野谷真治「ことだまじいぷひゆとひいらぎ」(『赤ちゃんしぐれ』)・・
野谷真治作品集『赤ちゃんしぐれ』(青ひげ書房・1985年2月刊)、昨日の本ブログ「第一回 令和俳人展」つながりで野谷真治。会場で販売されていた作品集『赤ちゃんしぐれ』について、その解説が来空だったので、なつかしく、思わず手にとった。来空氏は、独力で『河東碧梧桐全集』を編纂刊行し続けた短詩人である。かつて、愚生と同じ小金井市に住まわれていたので、何度か呼び出されて、武蔵小金井駅前の喫茶店でお会いしたことがある。その解説の中に、
野谷真治は日大藤沢高校在学中に短詩をはじめた。
人間の暗号が犬のクエスチョンマーク (中略)
一行詩、それはコトバで書くマンガ。(中略)
まちすじじれんまたいぷすりっぶ
写植や邦文タイプ(それは整然と、別の意味で混沌とあるコトバたち・・街筋)の中の
一文字を一個人とすると、二つくっつく時にまぐわい(目交・・媾ひ・・間交・・間具合)、三つの時を一子の誕生と。
コトバ、それは社会の仕組みそのものとして、私達の目前に!。私達はジレンマし、タイプ(記録)し、そうしてスリップもする。(中略)
野谷は、自己の感性に率直で忠実なのだ。そのことで、短詩成立の情念を内包する。発祥のプロセスは時代をつらぬいて等しい関係であろう。
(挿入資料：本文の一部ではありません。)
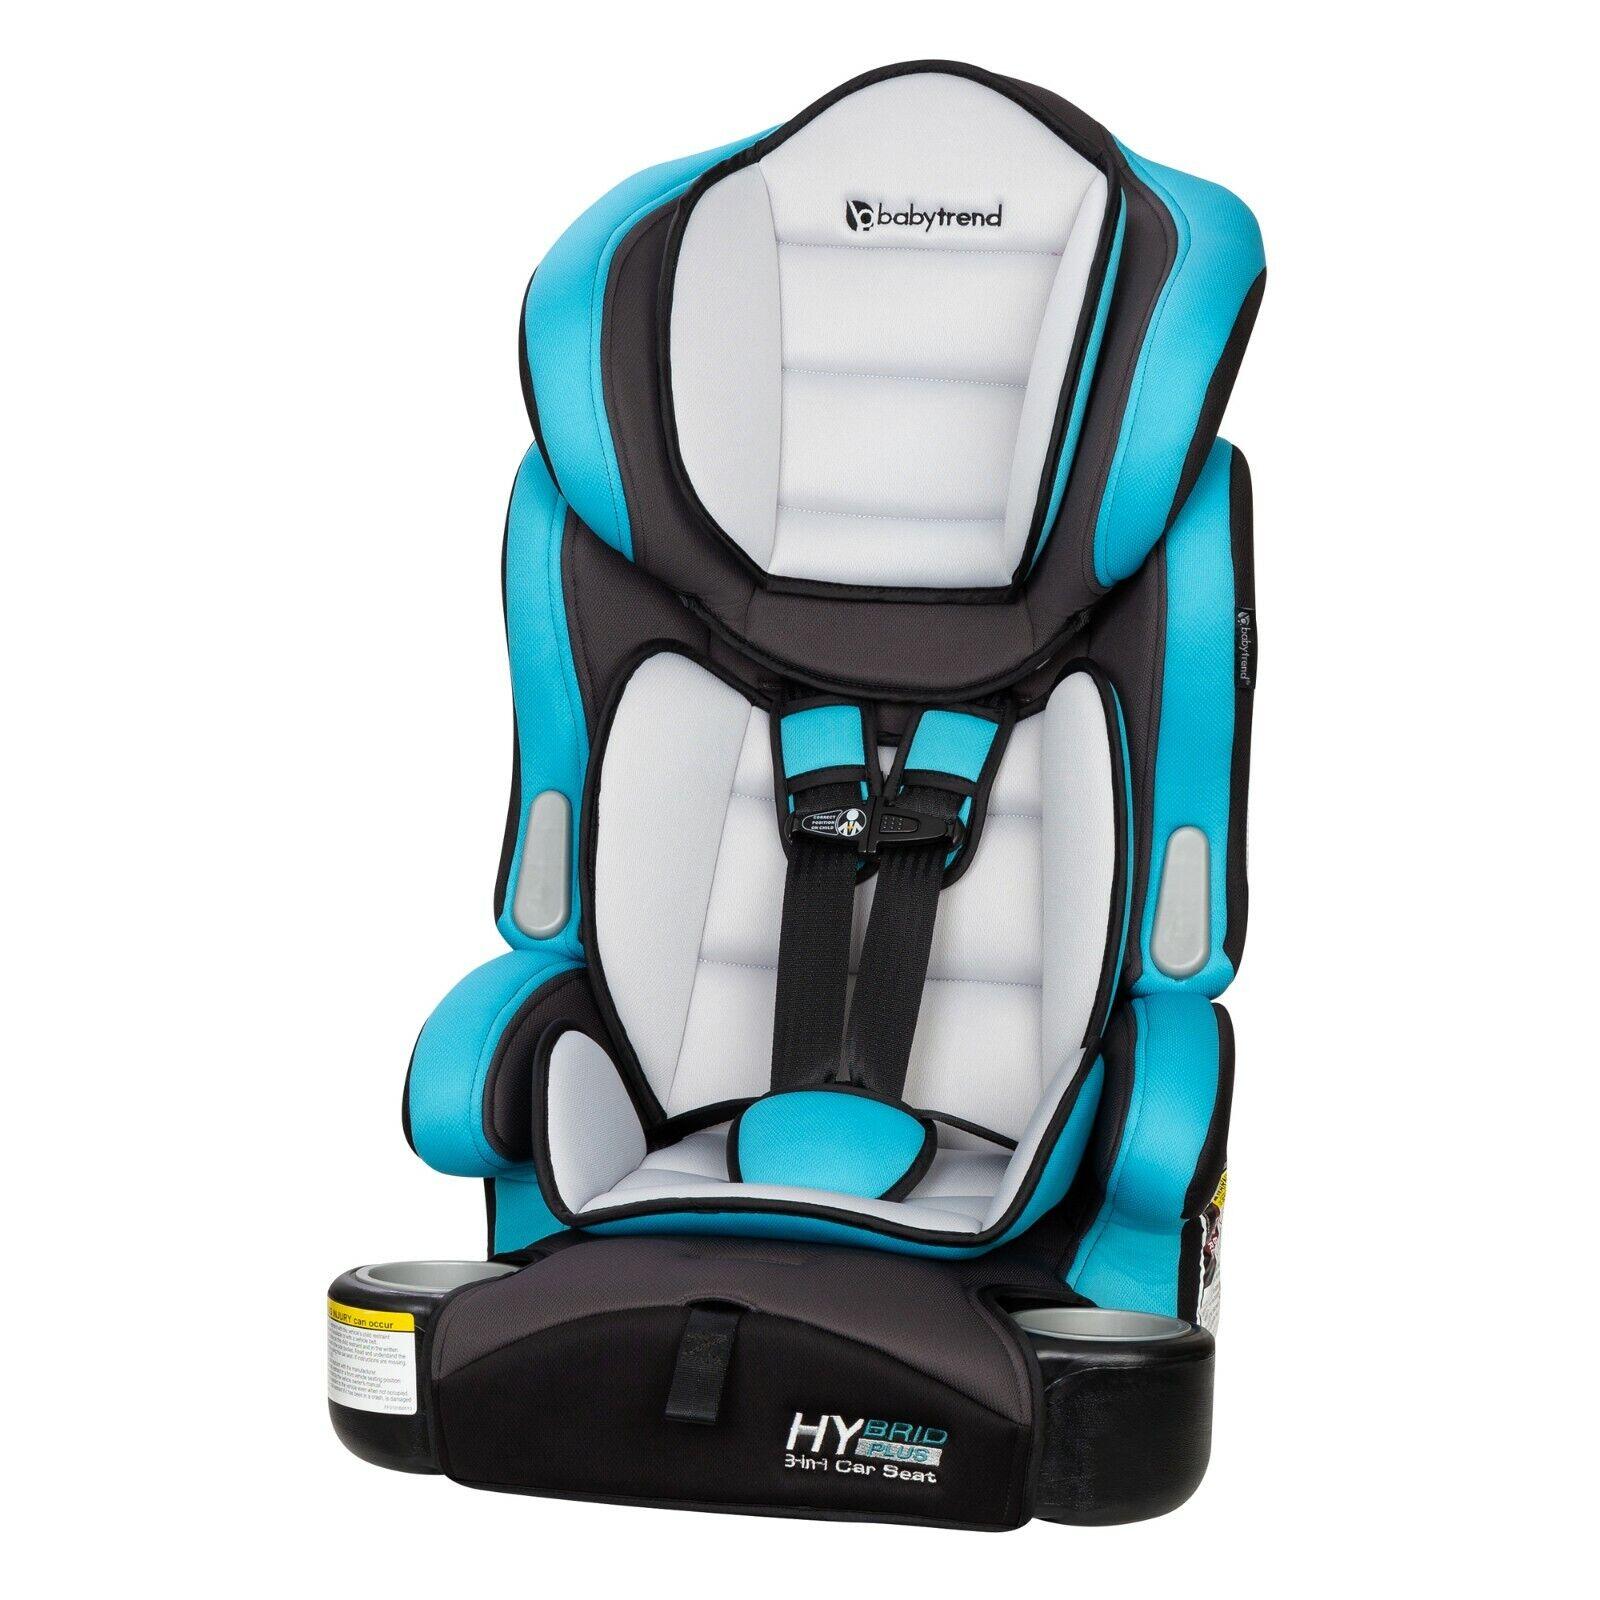 booster car seat bermuda hybrid plus 3

野谷は、誤またず、スタートラインに立っている。ためらうことなく、ひたすら出航せよ!果てなき希望の海へ。 (来空)
とあった。集名に因む詩行は、
おやすみよたったみ竜馬と赤ちゃんしぐれ 真治
であろう。本集発行(「阿呆丸出帆NO.1」)から、ほぼ40年の歳月を閲している。ともあれ、本集よりいくつかを挙げておこう。
落日や案山子のままで空へゆく
あしがらこがしすだれたつなみ
いろとりどり来いもようしらかばすてっぷ
てのひらうらないてのひらかえす
きさまさかさまわからぬわかさま
秋れたぁ木でふらわあそんぐ
おらあふひとぶこあらけむらな
黒髪大地ななかまどしぶき
はたたびたなびくゆげさと待つり
野谷真治(のや・しんじ) 1961年生まれ。